==== Data excerpt

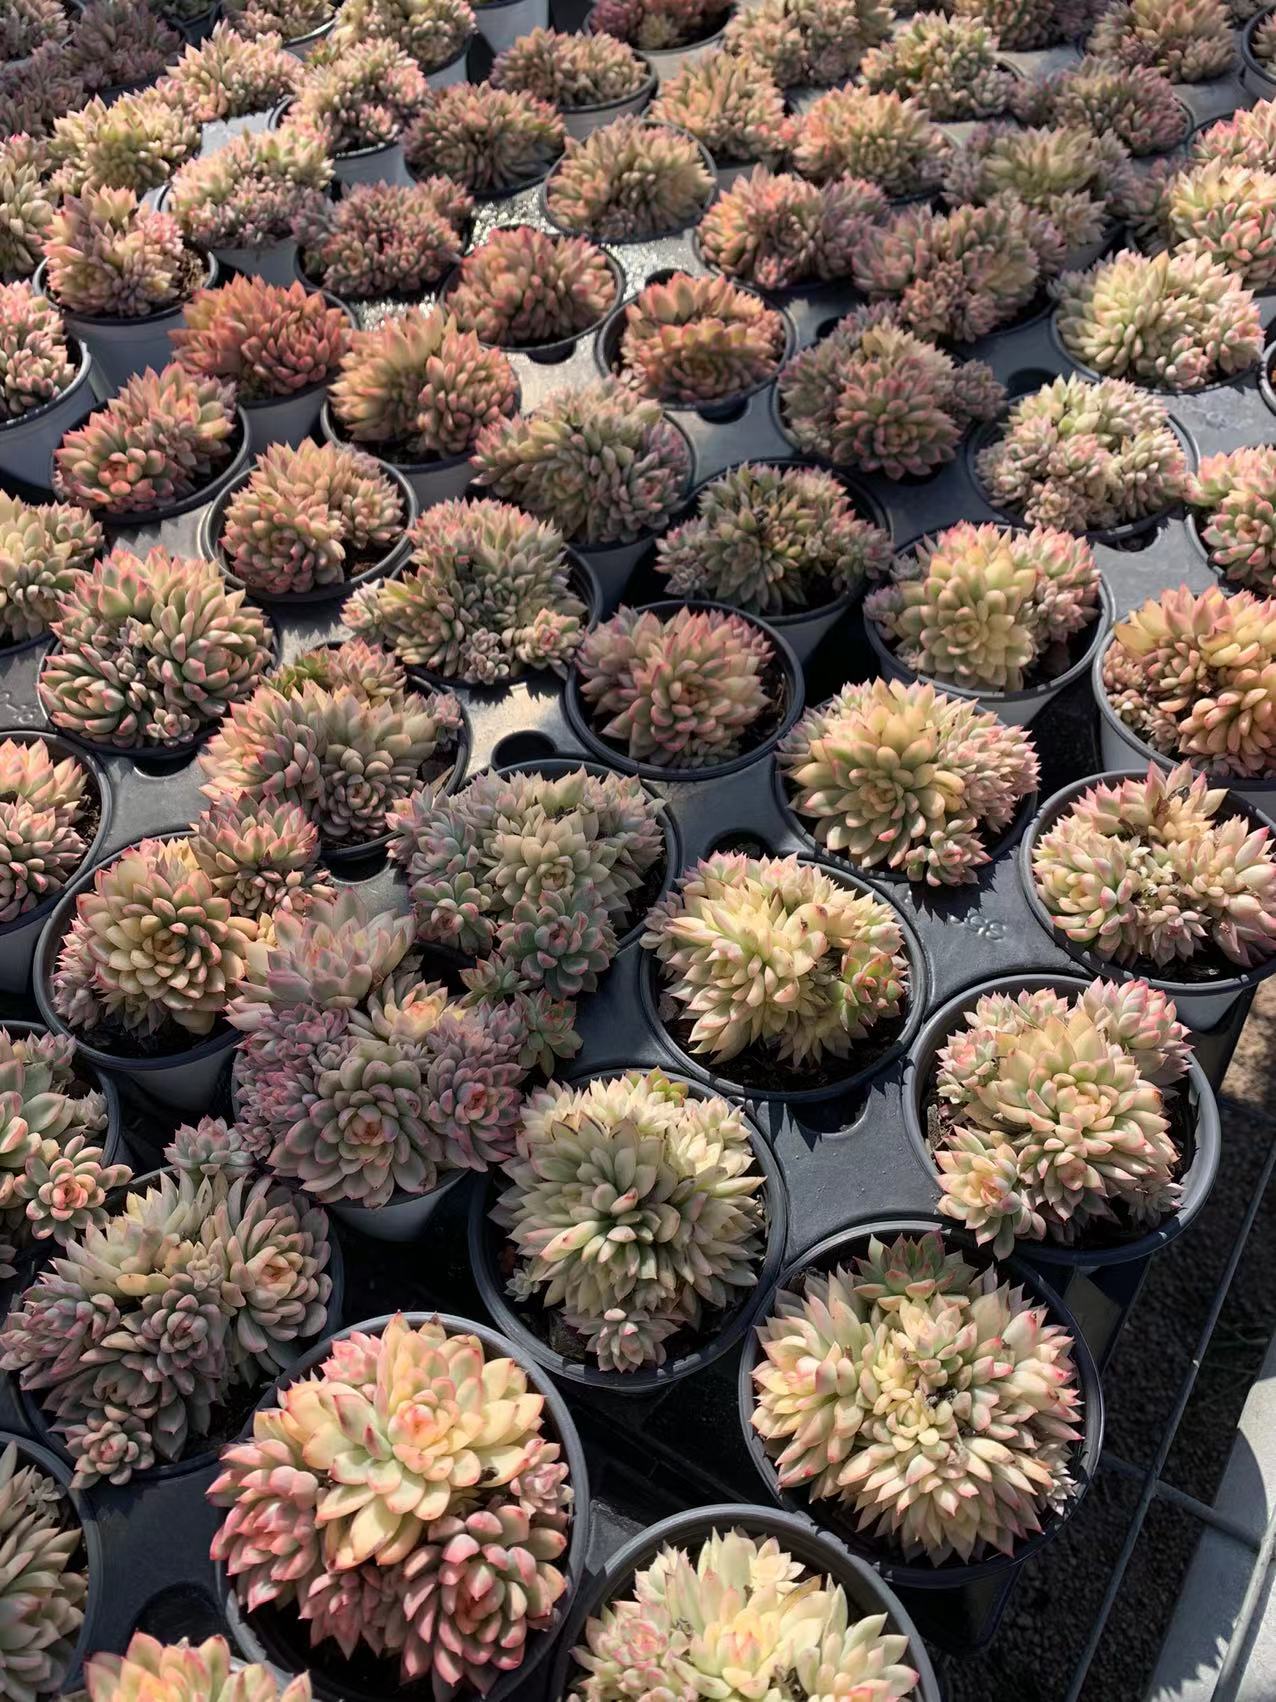 Mebina (Pot size 9cm)/Echeveria/Variegated Natural Live Plants Succulents
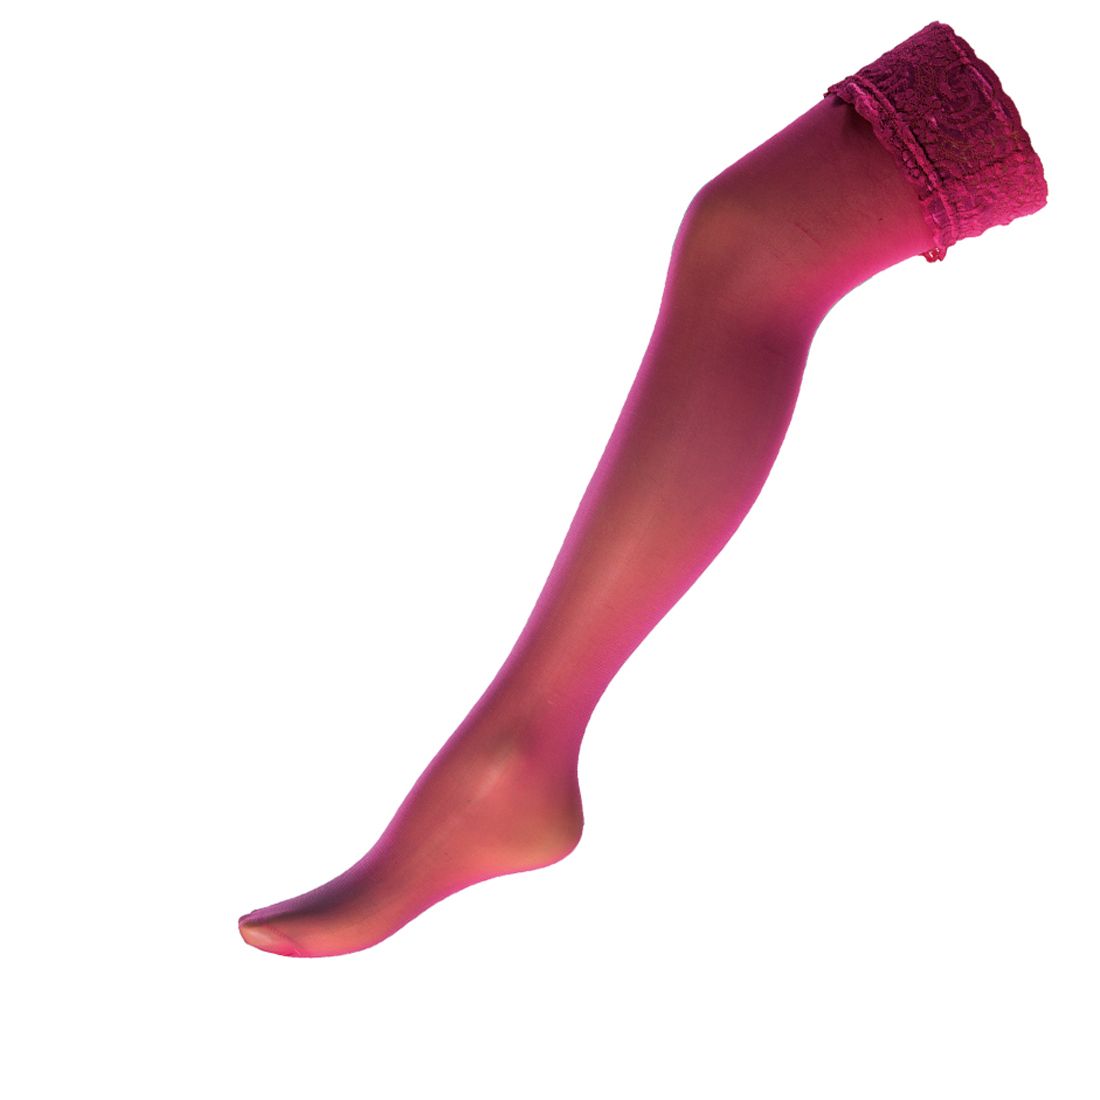 Αποκριάτικη Κάλτσα Nylon Φούξια Με Δαντέλα (71381)
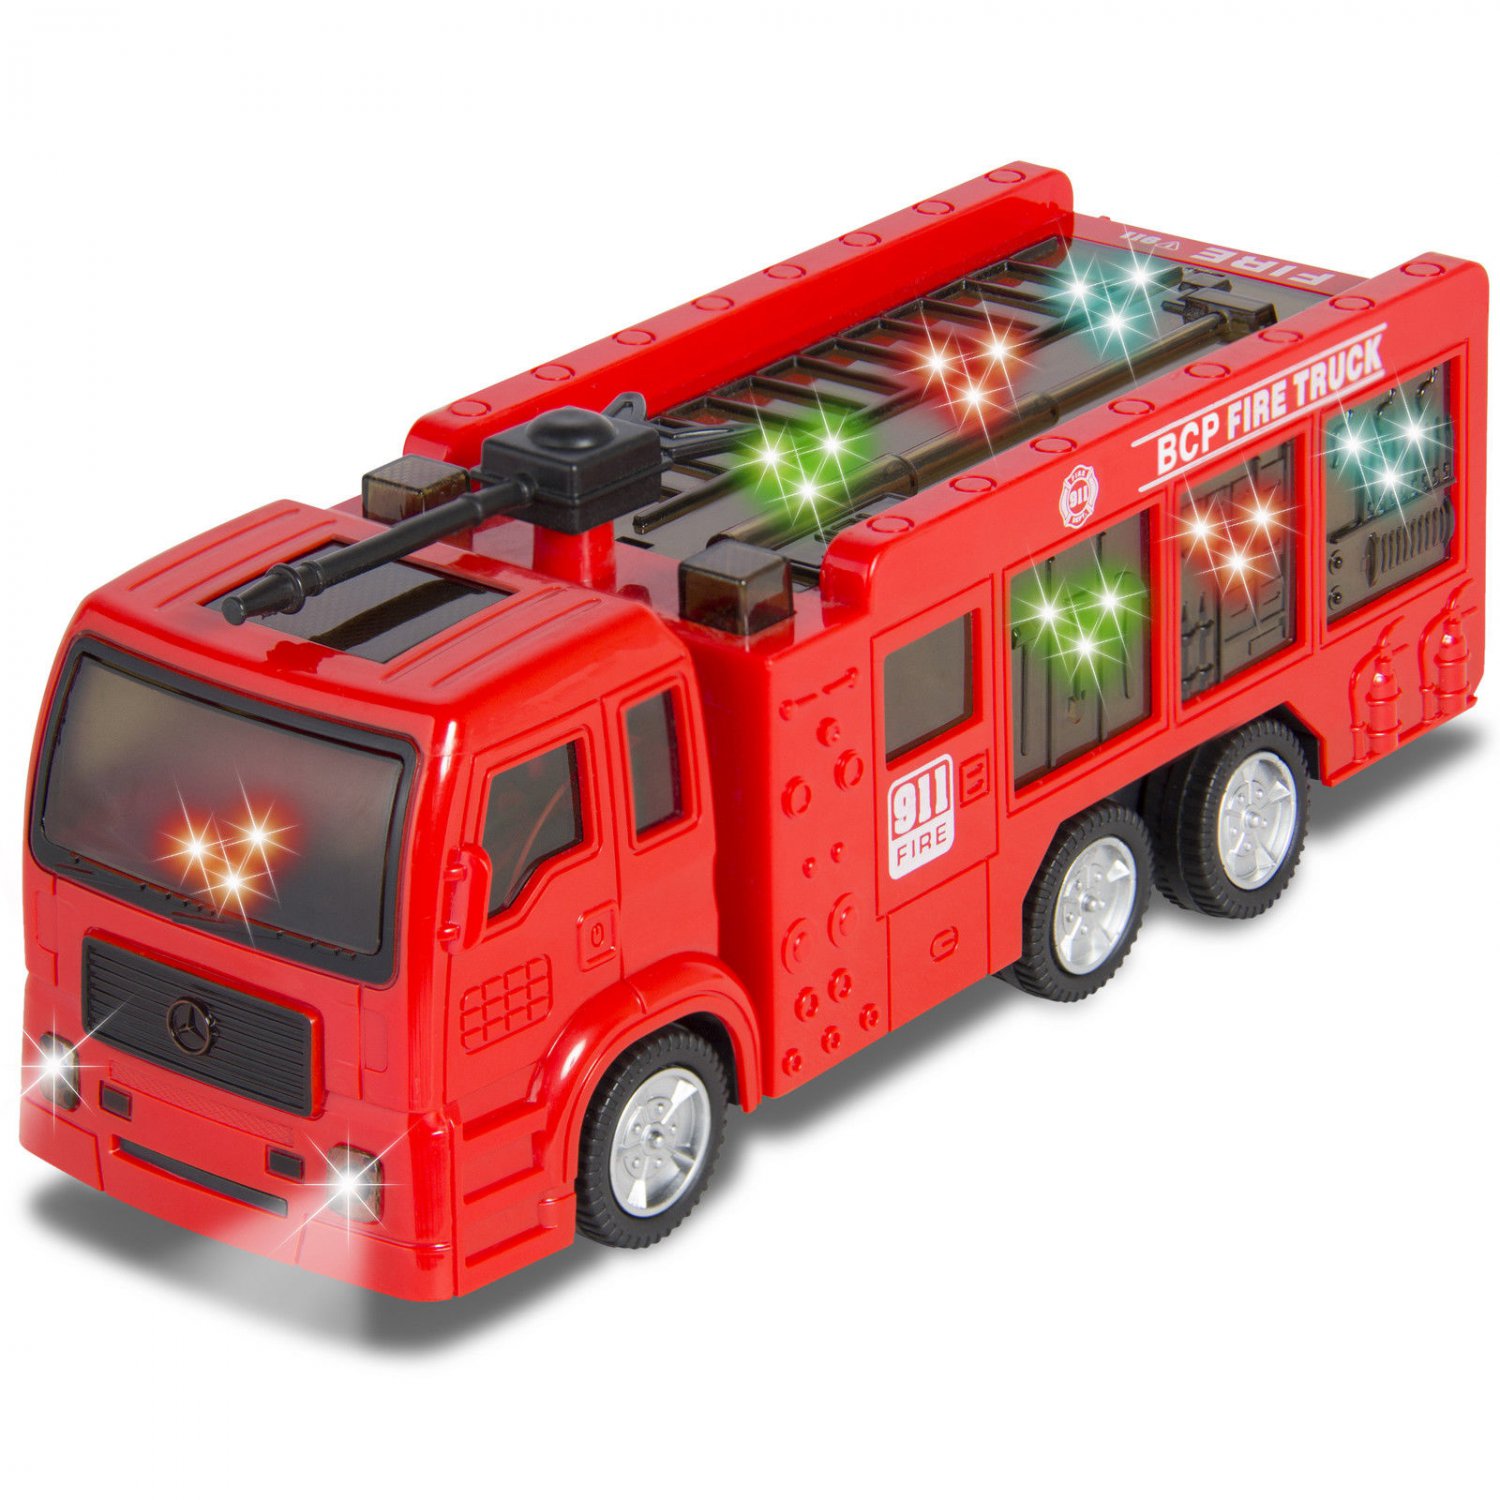 Маленькая пожарная машинка. Машина "Fire Truck" пожарная, 49450. Пожарная машина 5110dks. Машина "Fire Truck" пожарная, 49450 салон. Игрушка пожарная машина у450.

========

Excluding pictures, copy exactly the lines from the line containing "Αποκριάτικη Κάλτσα Nylon" through the last line of the data, inclusive.

> [Task answer]
 Αποκριάτικη Κάλτσα Nylon Φούξια Με Δαντέλα (71381)
 Маленькая пожарная машинка. Машина "Fire Truck" пожарная, 49450. Пожарная машина 5110dks. Машина "Fire Truck" пожарная, 49450 салон. Игрушка пожарная машина у450.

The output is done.